2C₂H₆(g) + 7O₂(g) → 4CO₂(g) + 6H₂O(l)

Given:

• ΔHf°[C₂H₆(g)] = -84.7 kJ/mol
• ΔHf°[CO₂(g)] = -393.5 kJ/mol
• ΔHf°[H₂O(l)] = -285.8 kJ/mol
• ΔHf°[O₂(g)] = 0 kJ/mol

Solution 5:

ΔHrxn° = [4 mol × ΔHf°(CO₂(g)) + 6 mol × ΔHf°(H₂O(l))] - [2 mol × ΔHf°(C₂H₆(g)) + 7 mol × ΔHf°(O₂(g))]

ΔHrxn° = [4 mol × (-393.5 kJ/mol) + 6 mol × (-285.8 kJ/mol)] - [2 mol × (-84.7 kJ/mol) + 7 mol × (0 kJ/mol)]

ΔHrxn° = (-1574 kJ - 1714.8 kJ) - (-169.4 kJ) = -3119.4 kJ

The enthalpy change for this reaction is -3119.4 kJ.

Frequently Asked Questions (FAQs)

• Q: What does the "°" symbol mean in ΔHf°?

  • A: The "°" symbol indicates that the enthalpy of formation is measured under standard conditions (298 K and 1 atm pressure).

• Q: Can I use enthalpy of formation data for reactions at temperatures other than 298 K?

  • A: Strictly speaking, the values are only accurate at 298 K. However, small deviations from this temperature will often result in only minor inaccuracies. For larger temperature changes, more sophisticated thermodynamic calculations are required.
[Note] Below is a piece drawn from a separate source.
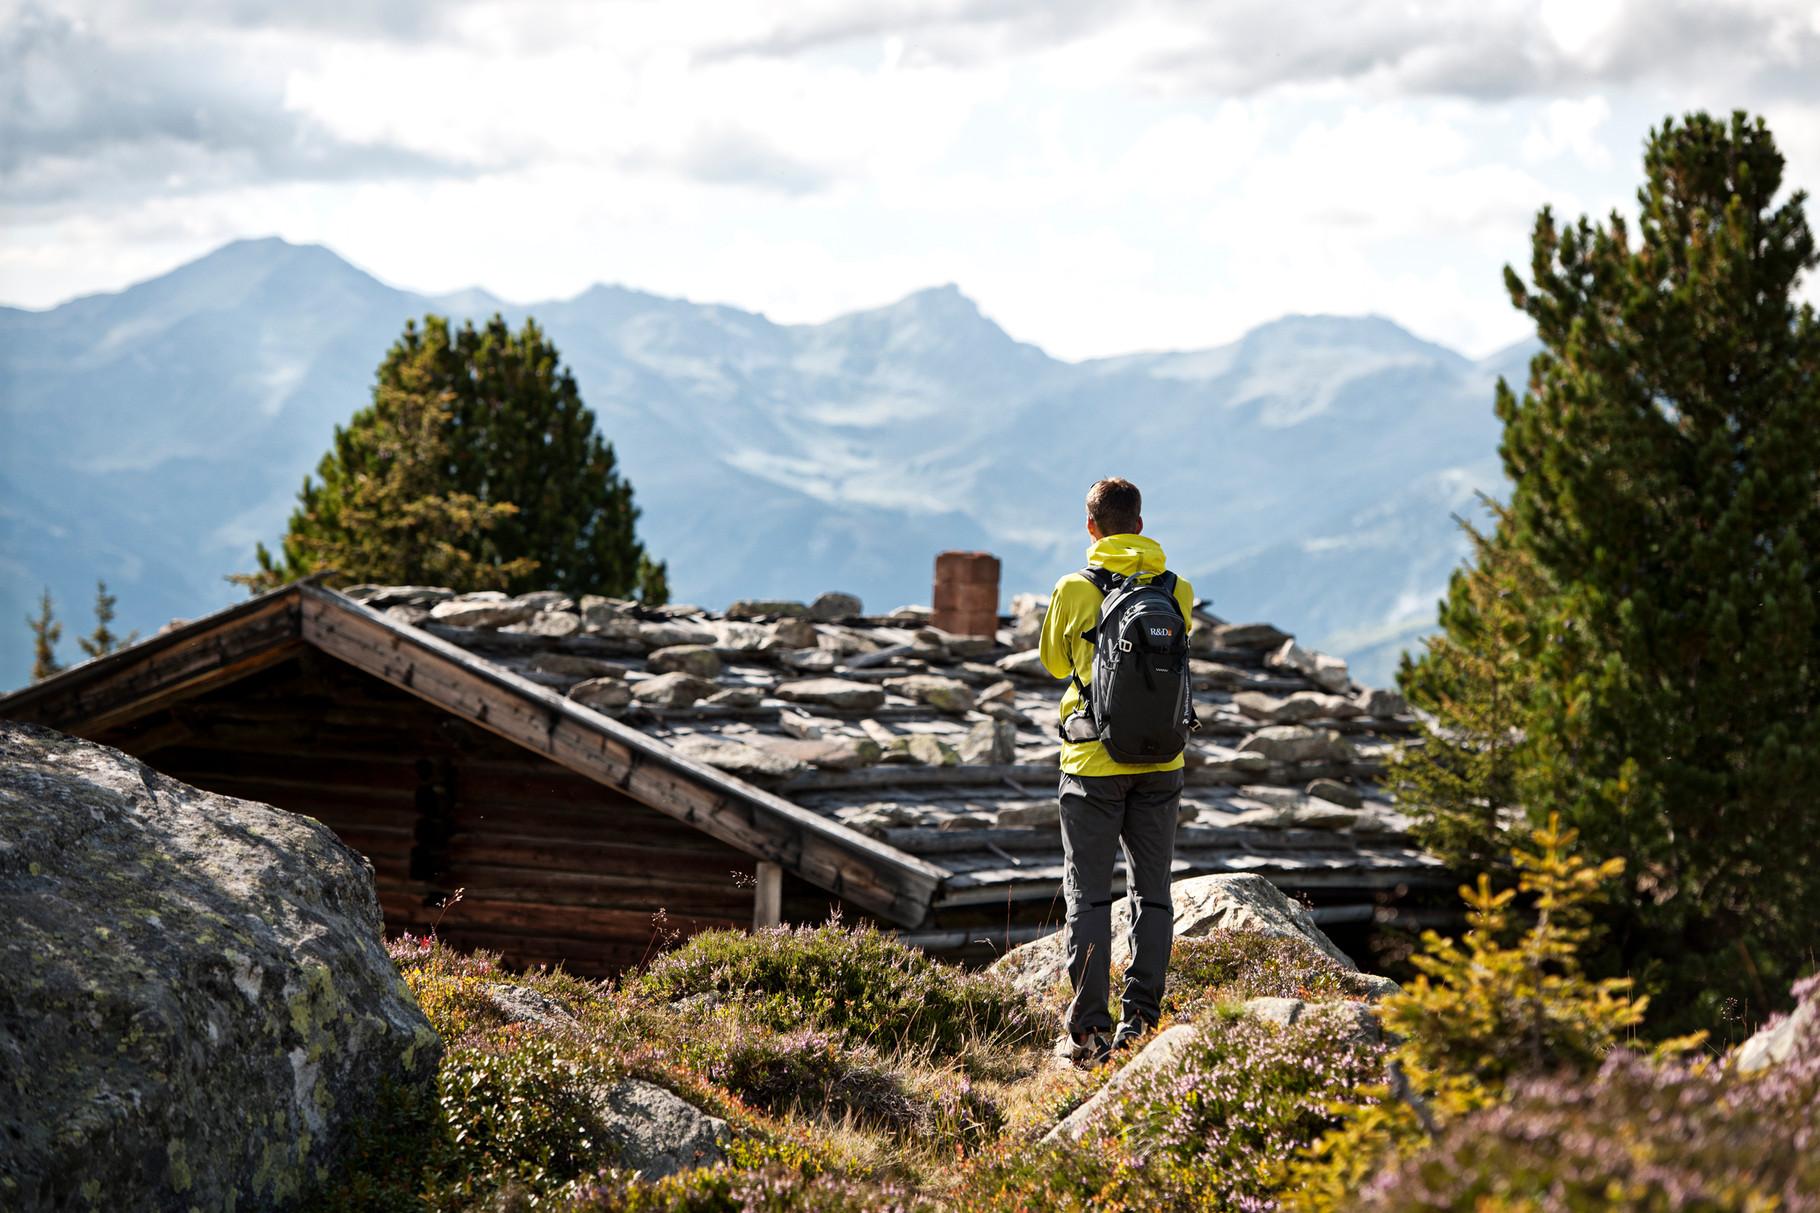 Wandern am Ahorn in der Ferienregion Mayrhofen-Hippach ©Schönherr

• Q: What if I don't have the enthalpy of formation for all the compounds in a reaction?

  • A: You can often use Hess's Law to combine known enthalpy changes for other reactions to calculate the unknown enthalpy of formation.
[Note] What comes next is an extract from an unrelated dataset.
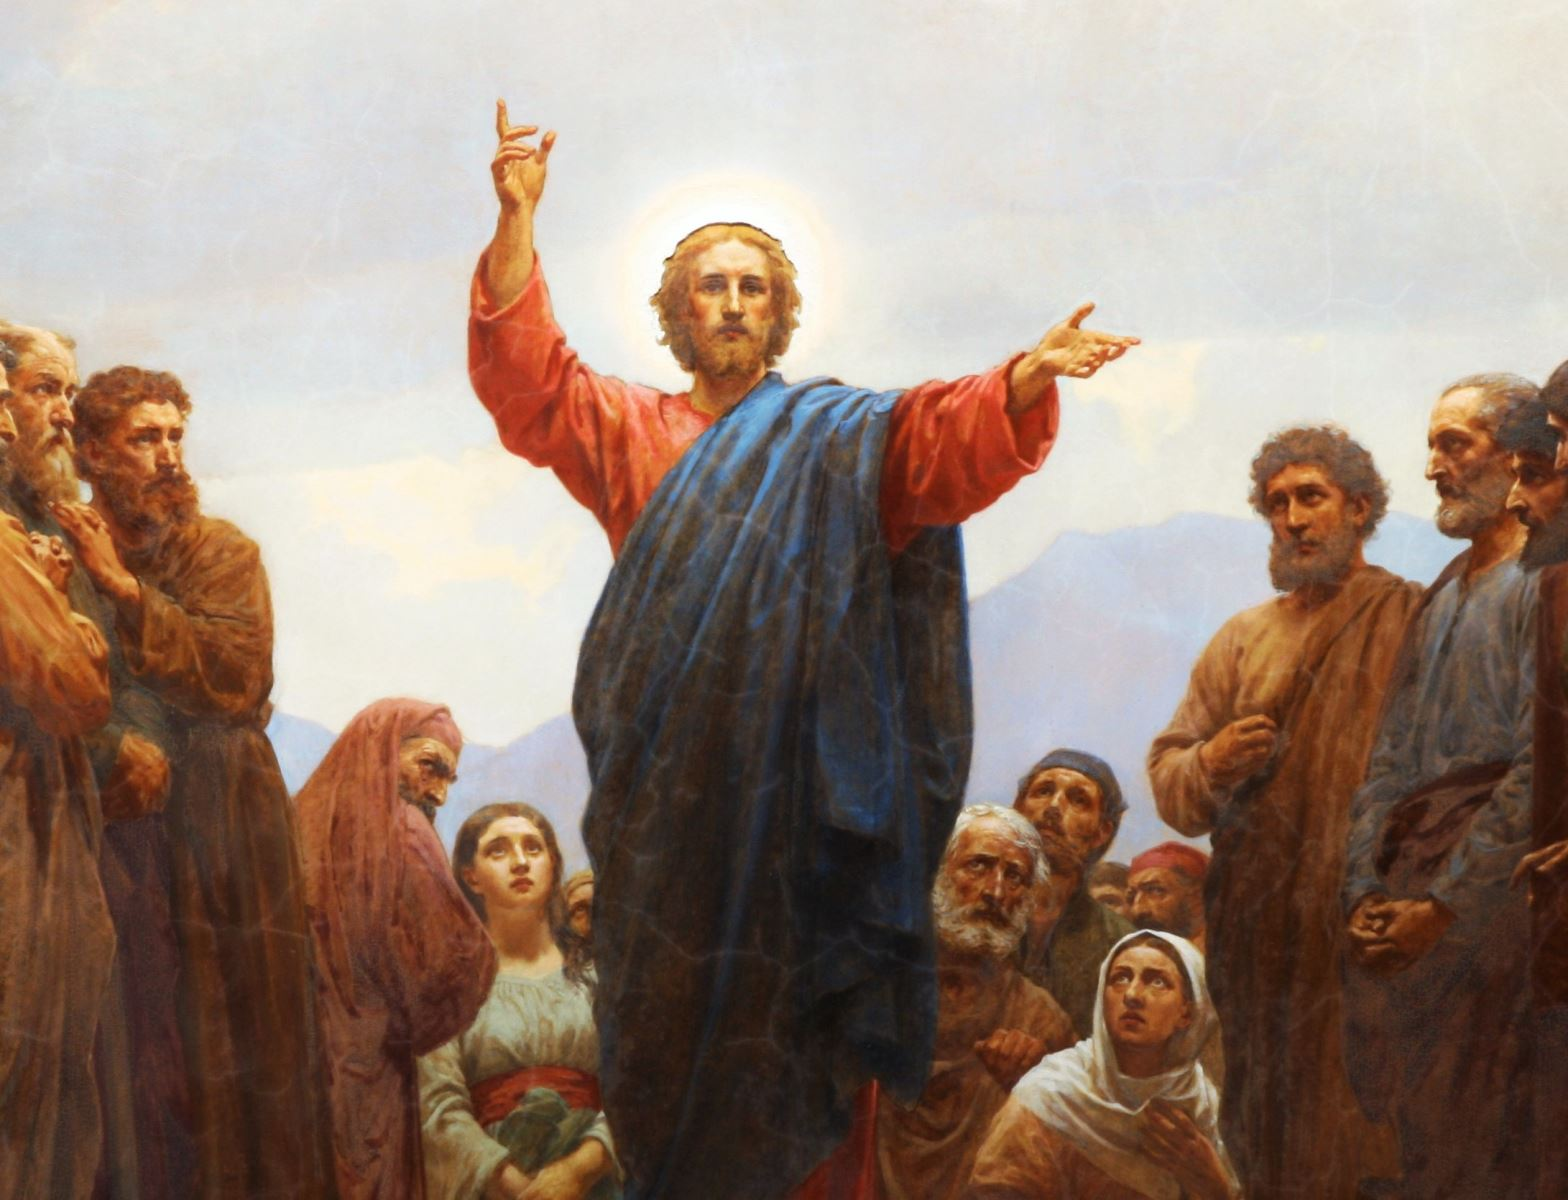 NÓI LỜI CHÚA NÓI. Suy niệm Lời Chúa Thứ Bảy Tuần IV Phục Sinh.

• Q: Why is the enthalpy of formation of an element in its standard state zero?

  • A: By definition, the enthalpy of formation refers to the heat change involved in forming a compound from its elements. Since an element in its standard state is already in its most stable form, no energy is required or released in "forming" it from itself.

• Q: How accurate are enthalpy of formation values?

  • A: The accuracy of enthalpy of formation data varies depending on the compound and the method used to determine it. They are typically reported with some uncertainty.

Conclusion

Mastering enthalpy of formation calculations requires a firm grasp of the fundamental concepts and the ability to apply Hess's Law. Through practice, you'll become more proficient in using enthalpy of formation data to predict the enthalpy changes for a wide variety of chemical reactions. Remember to always pay attention to stoichiometric coefficients and the standard states of elements when performing these calculations. This article provides a solid foundation; continued practice with more diverse problems will further solidify your understanding of this vital thermodynamic principle. Keep practicing, and you'll be well on your way to mastering thermochemistry!